D. This is unpredictable, too:<pre><code>
     a1= [["ab",1],["bc",2],["cd",3]]

     search( "ab", a1) want: [ ] got: [0, 1]
</code></pre>
1.2 again, a is at 0,b is at 1.

Wiki:
If num_returns_per_match = 0, search returns a list of lists of all matching index values for each element of match_value.

index_col_num (default: 0): When string_or_vector is a vector-of-vectors, multidimensional table or more complex list-of-lists construct, the match_value may not be found in the first (index_col_num=0) column.

So as index_col_num=0 & num_returns_per_match=0, it looks for "a" and "b" in the index_col_num (0) element of the vector a1. Hence [0, 1] is where it found "a" & "b".
E. This gives correct answer, but showing two warnings:   <pre><code>
     WARNING: search term not found: "p"
     WARNING: search term not found: "q"

     search( "pq",a1 )= [ ]
</code></pre>
So, that is what it does.??
F. Inconsistent return when match not found:<pre><code>    search( "e","abcdabcd" )= []
    search( ["zzz"],data9 )= want: [] got: [[]]
</code></pre>
    Since [[]] is treated as true, the following would be impossible:<pre><code>    search(...) ? do_found : do_not_found
</code></pre>
Wiki:
If num_returns_per_match = 0, search returns a list of lists of all matching index values for each element of match_value.

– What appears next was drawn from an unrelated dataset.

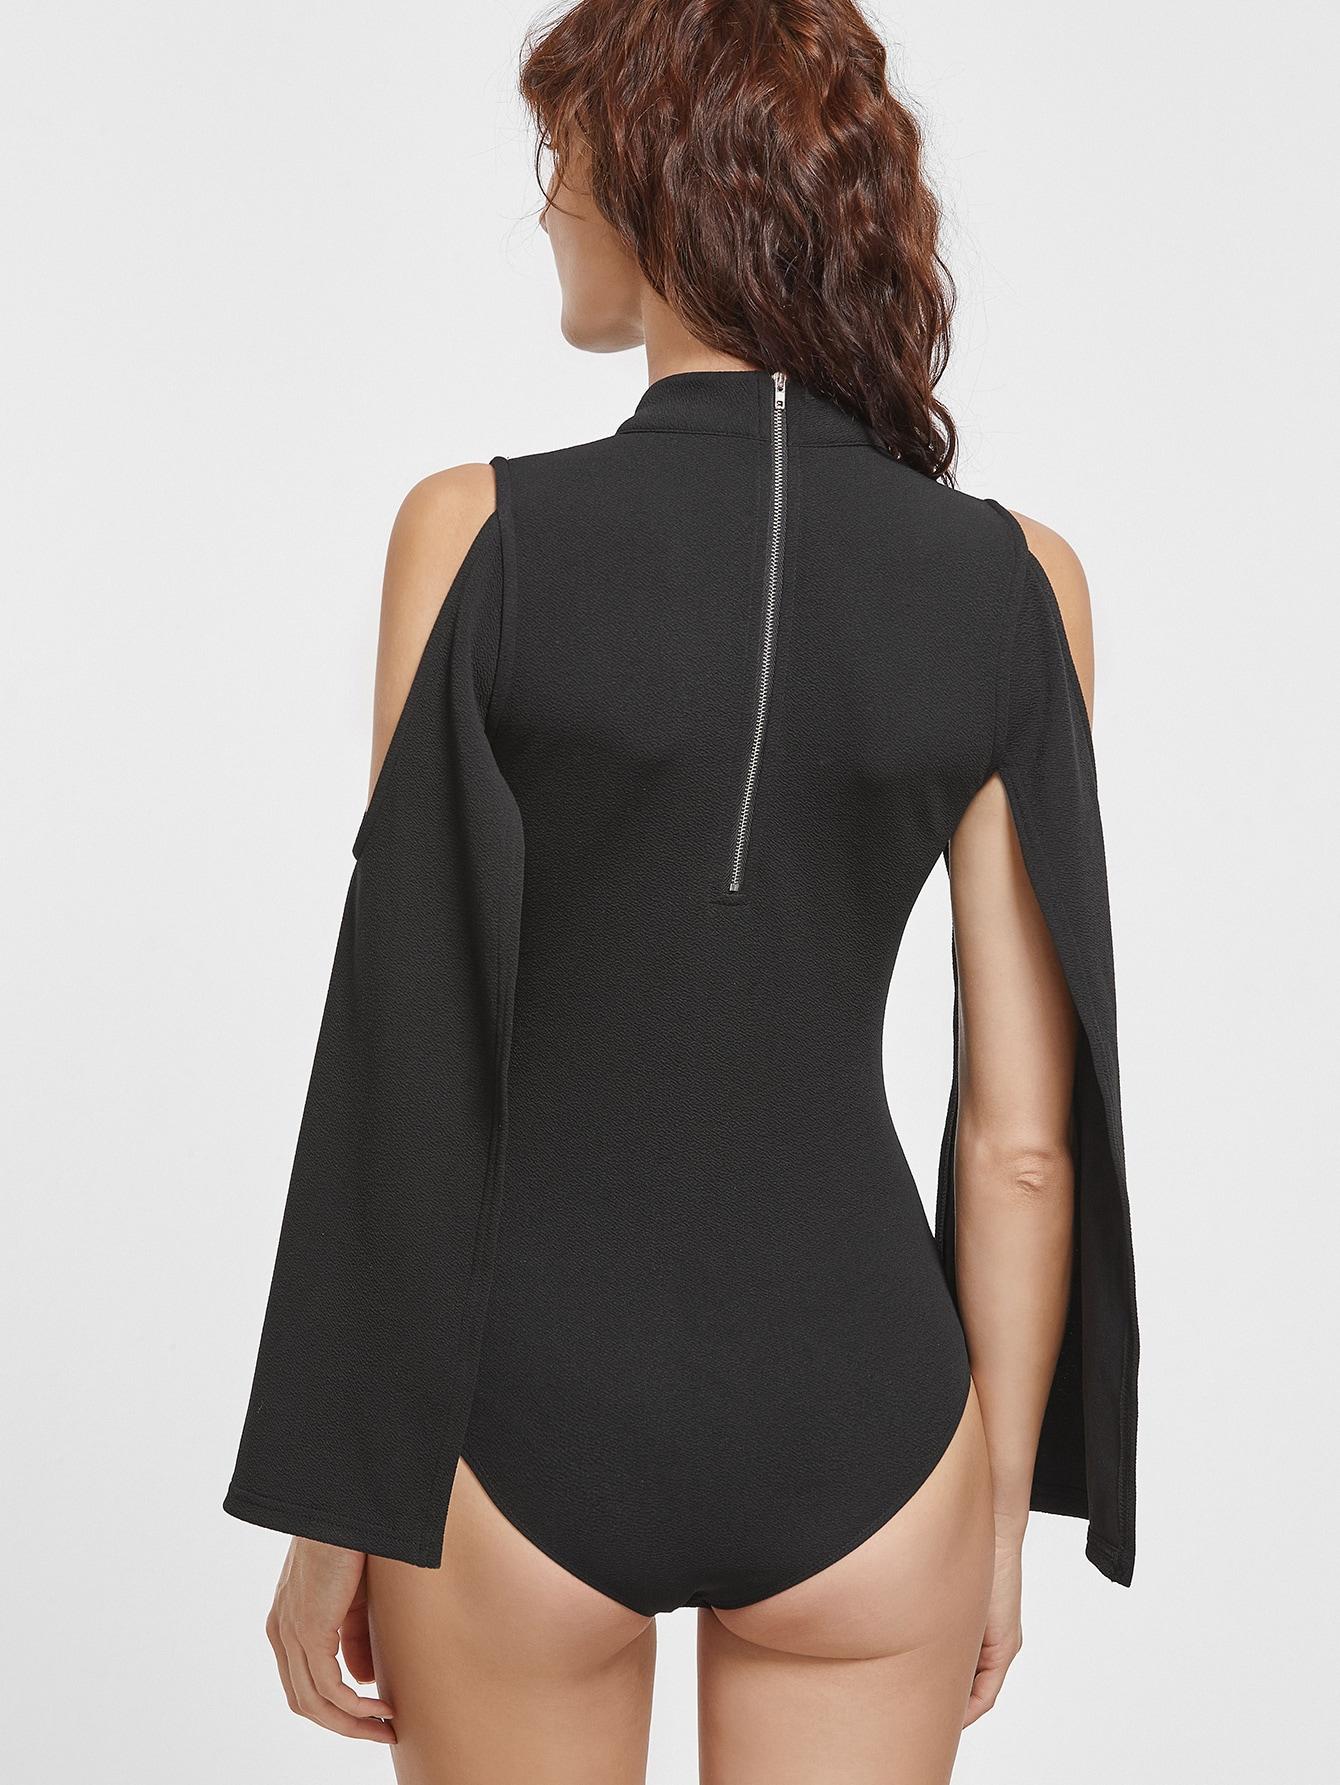 bodysuit161209701_2

It returna a list, the outside [ ... ], of lists of all matching values, no match=[], hence [ [] ].
So what I think so far are:</br>

1) It is very difficult to understand how it works. </br>
Yes.
2) It is still buggy.</br>
No.
3) Would make a lot of effort for users to understand it, and a lot of effort trying to debug, if possible.  </br>
Yes & No (no need to debug)
My conclusion is that search() is still buggy and it would probably not a good idea for it in the release yet. </br>
It has been released for a looong time. I suspect you may be reacting to the change to remove the Warnings??
What I believe is that it tries to accommodate too many usages in a single function. For example, match_value could have been designed as just a value (one of number, string or list), but not list of values. Since we have list comprehension, it'd be extremely easy to achieve this:<pre><code>   [ for (m in match_values) search( m, ...) ]
</code></pre>
This will take away a large chunk of complication inside the coding of search().
Admin - email* me if you need anything,
or if I've done something stupid...
* click on my MichaelAtOz label, there is a link to email me.

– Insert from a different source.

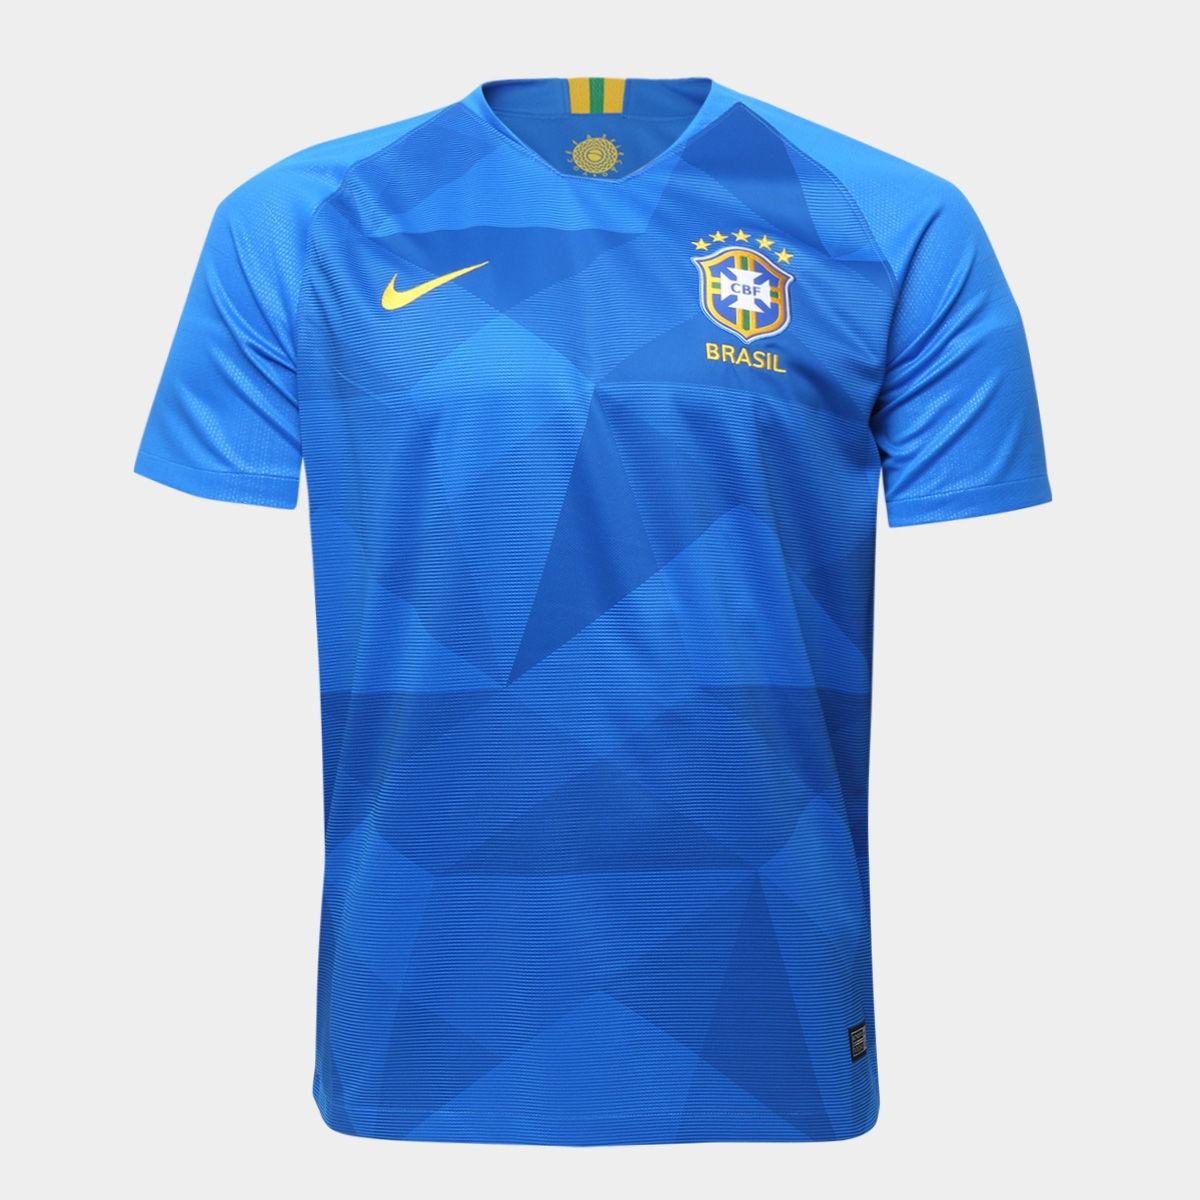 b58aff70a Camisa Blusa Seleção Brasileira Adulto 2018 Copa América - R  179

Unless specifically shown otherwise above, my contribution is in the Public Domain; to the extent possible under law, I have waived all copyright and related or neighbouring rights to this work.
Obviously inclusion of works of previous authors is not included in the above.


The TPP is no simple “trade agreement.” Fight it! http://www.ourfairdeal.org/ time is running out!
Reply | Threaded
Open this post in threaded view
|

Re: Digging into search( )

clothbot
In reply to this post by runsun
Hi Runsun,

Let me lead by saying thank you for taking the time to collect and share your thoughts and observations. It is very much appreciated!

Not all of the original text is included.